The lawyer who drew up our will specifically pointed out not to do this. Safety deposit boxes are locked up and no one can have access until well after probate begins. And a lot of things in the will might require knowing what’s what long before that. Such as who the executor is just to start with.

My original will was pretty complicated because I had minor children, and as such had to name guardians and establish a trust for the kids until they came of age. Since they are now both in their mid-20’s, I was able to streamline my will quite a bit. So I just used an online template and named my husband as primary beneficiary, with my daughters as equal secondary beneficiaries. I had a co-worker witness it.

Given that most institutions now require you to fill out a beneficiary form for real estate, life insurance policies, IRAs, etc, it’s just as critical to review these once a year and/or after a major life event such as marriage, divorce, death or birth. A Will will not supercede what is directed on these beneficiary forms, even though many people assume that this is the case. So, if you get divorced, be sure to go and change that beneficiary as soon as the divorce is final!
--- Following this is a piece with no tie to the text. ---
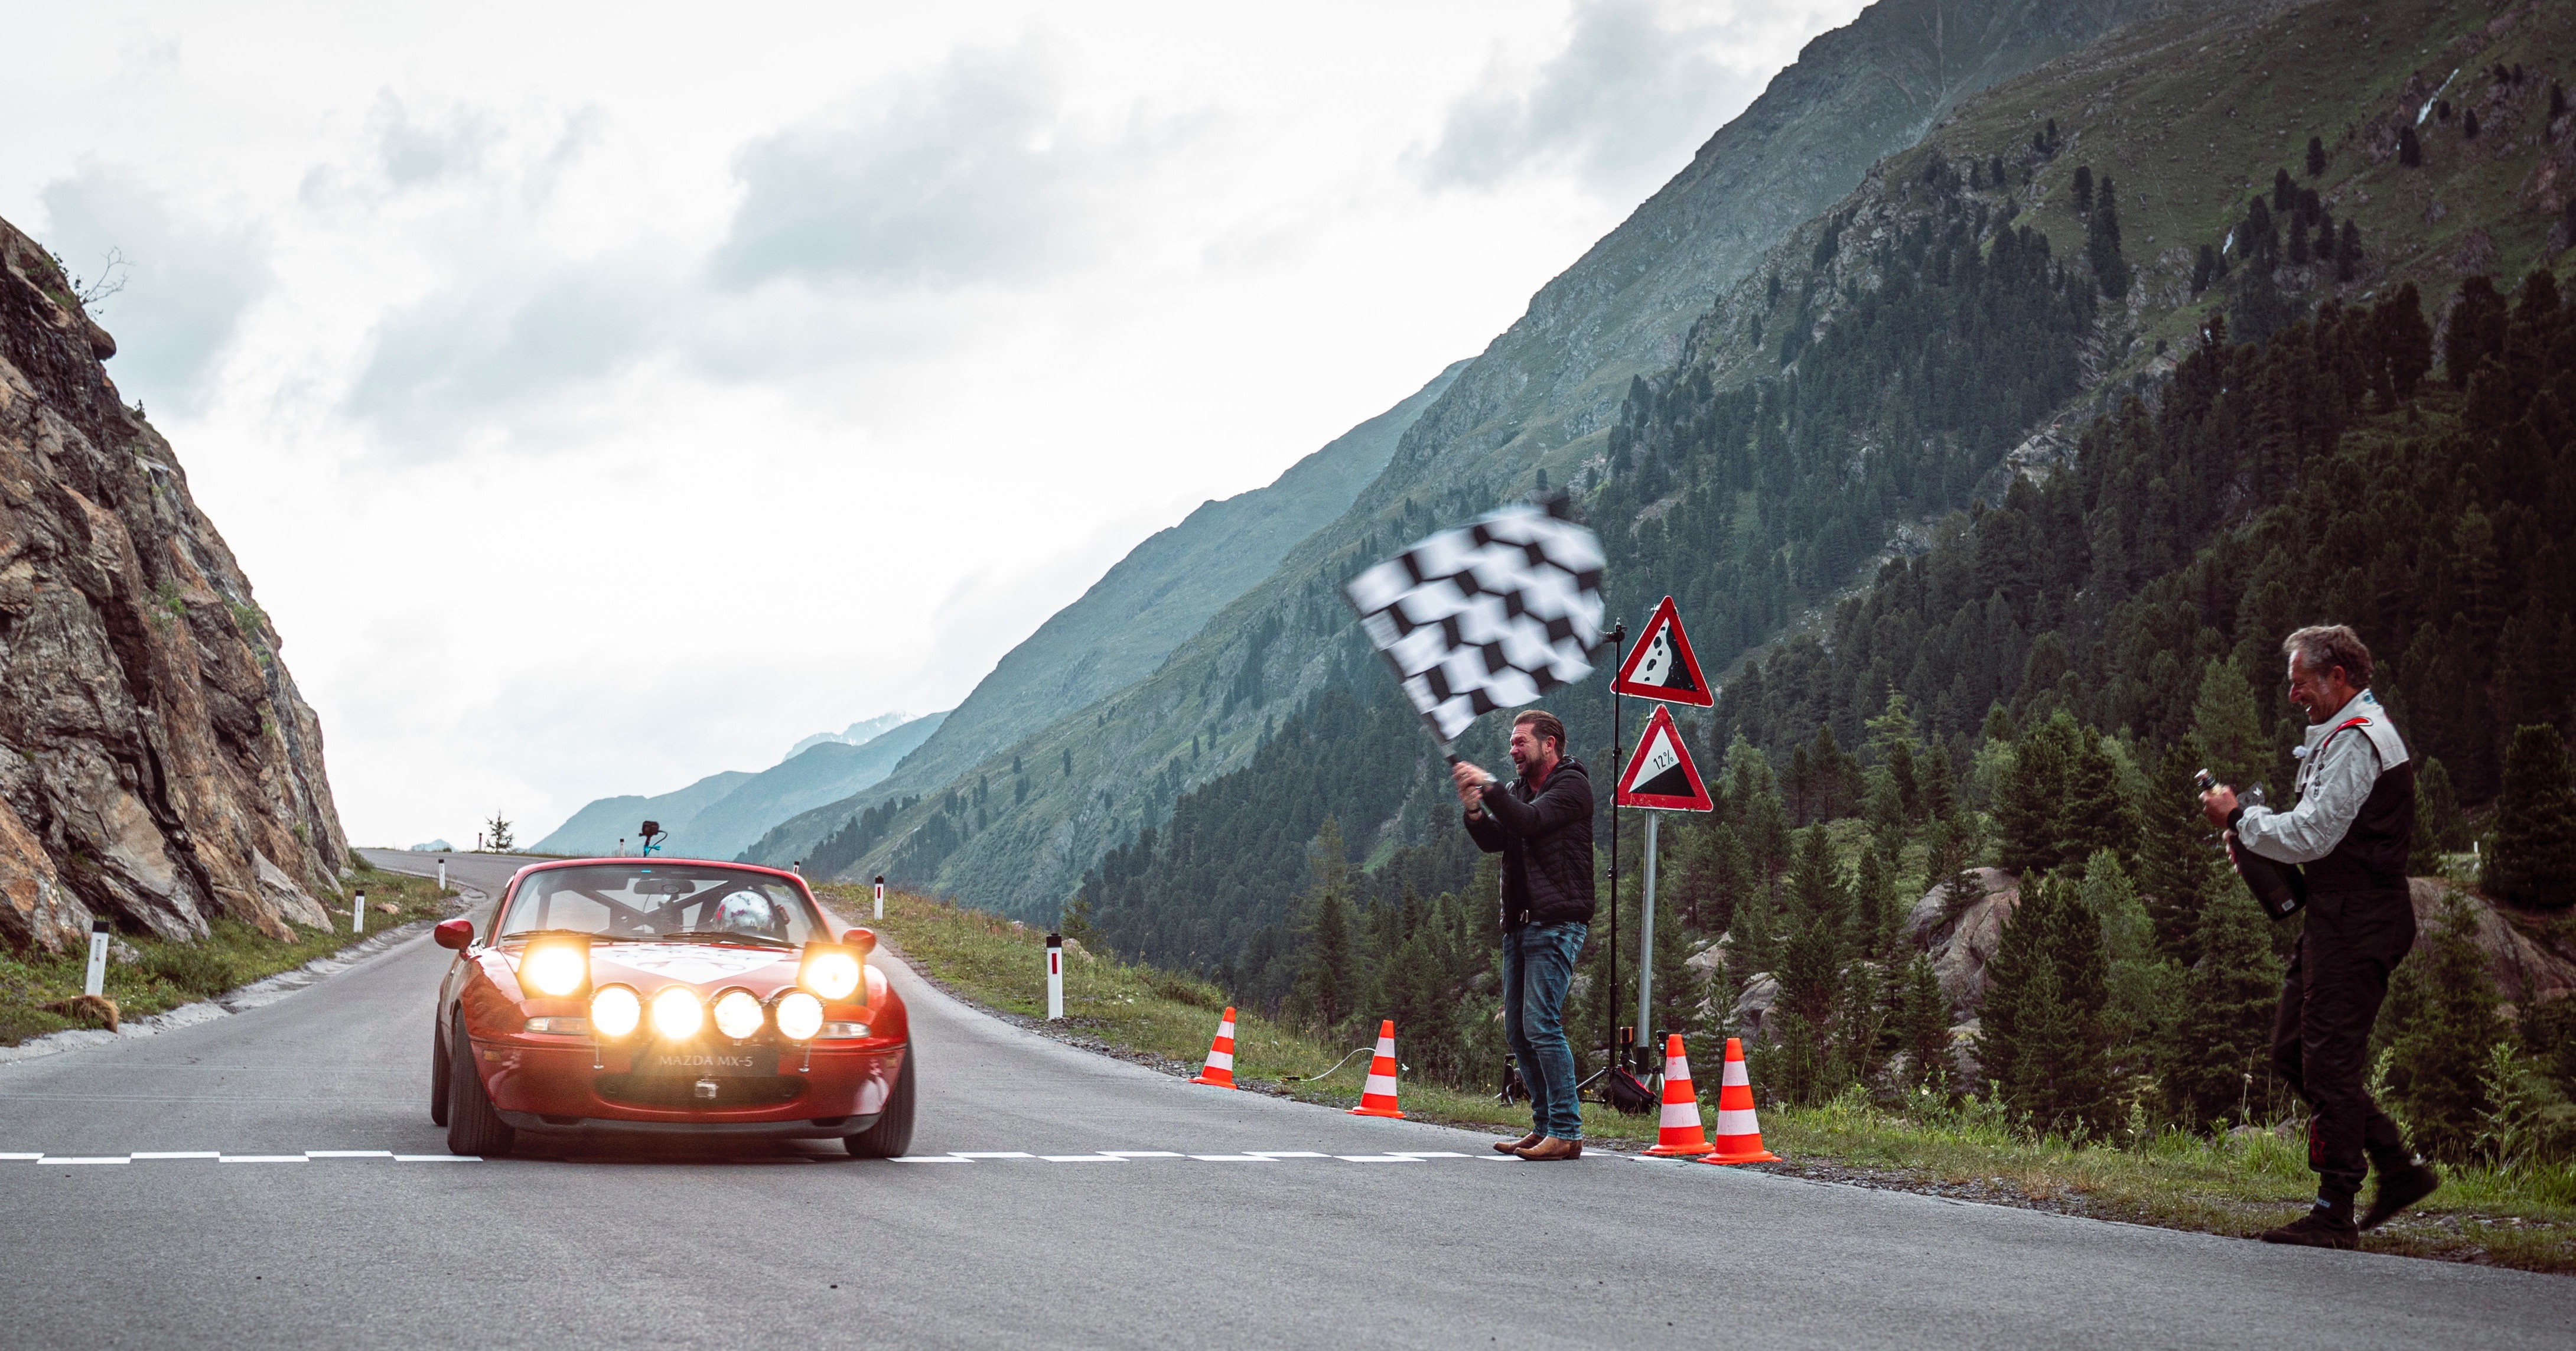 Pirelli tires, Vintage Miata claims record for most hairpin curves in 12-hour drive, ClassicCars.com Journal

Although the exact requirements vary by state, there is always a way to access a deceased persons safe deposit box. When I was in banking (in GA) it was pretty simple - bring in the key, a certified copy of the death certificate and provide valid ID. Someone from the bank would escort the claimant to the box, watch them open it and allow them to remove ONLY a document purporting to be a will. The box would then be relocked until such time as the correct owners could be determined. If the whereabouts of the key were not known it got a little more involved, since the box would have to be drilled (and the bank reimbursed for the cost). Then the process proceeded as above.

It’s not without hassles, for sure, but procedures do exist. Wills are a very common safe deposit box item.

We never drew up wills until we had kids - had one of us croaked, everything would have gone to the spouse. A will would probably have simplified things a bit from a probate standpoint, but was probably not essential.

When we had the kids, we needed to deal with that: guardianship, trusts (for the kids as well as a “bypass trust” for each other). I doubt that LegalZoom would be up to the job there.

This reminds me, actually: we need to redo ours, in particular the trusts for the kids, as the way we had one of them set up won’t do the job - my son’s is a “special needs” trust that won’t be released to him until he’s self-supporting; my daughter’s would be turned over to her at age 25, and I think we need to rethink that.